Archive for the ‘Health & Wellness’ Category

Social Media for Health and Wellness 2.0

The Internet has surpassed physicians as the leading source of health information. With the advent of the social web, Health 2.0 is emerging as a strong segment with 34% of consumers using social resources such as blogs and forums to locate health information. Yet information overload leads to “search engine fatigue” that discourages users.

We advocate a consumer-centric approach to healthcare information access that increases engagement and improves health literacy.  Artificial Intelligence (AI) techniques can be used to support human effort, creating a new generation of “intelligent web” technologies. These technologies can combine the benefits of the “information web” (timely, relevant health information) with those of the “social web” (human interaction, support, comfort).
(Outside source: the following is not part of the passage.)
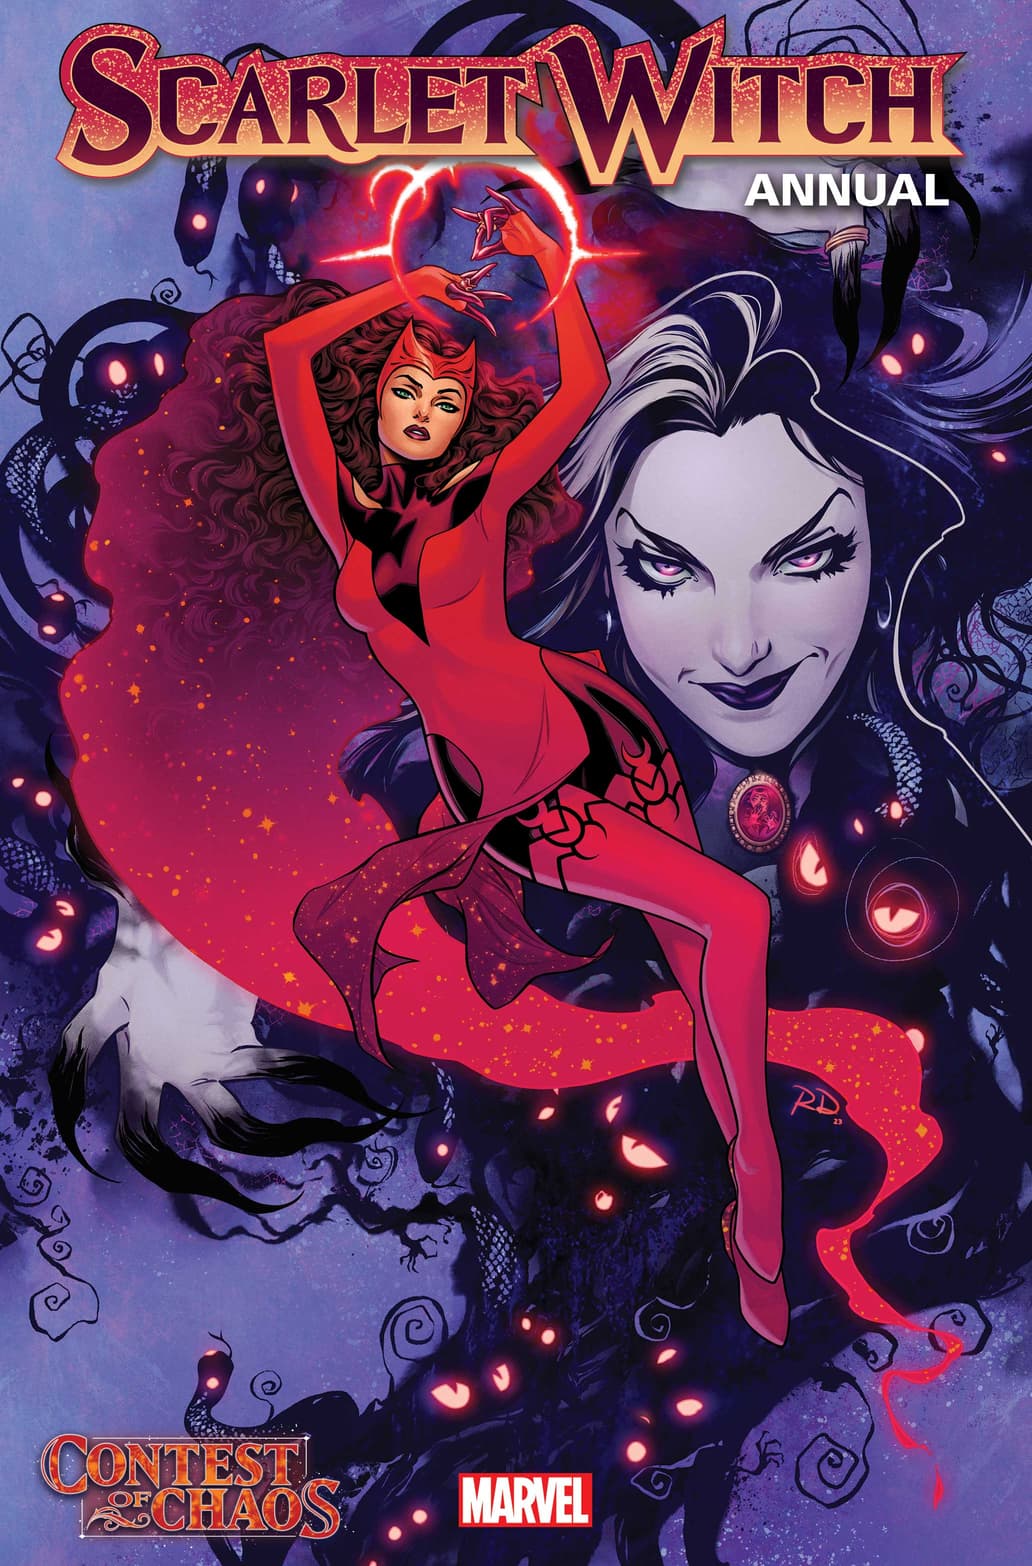 SCARLET WITCH ANNUAL #1 cover by Russell Dauterman

Our vision is to promote well-being and prevention before illness, support and information during illness, and comfort to family and friends in a natural, social, yet private manner.

Invited talk at Humana Innovation Conference: Connect, Collaborate, Create (C3), Louisville, KY, September 23, 2011.

Open Social Learning Communities

With the advent of open education resources, social networking technologies and new pedagogies for online and blended learning, we are in the early stages of a significant disruption in current models of education. The disruption is fueled by a staggering growth in demand. It is estimated that there will be 100 million students qualified to enter universities over the next decade. To educate them, a major university would need to be created every week.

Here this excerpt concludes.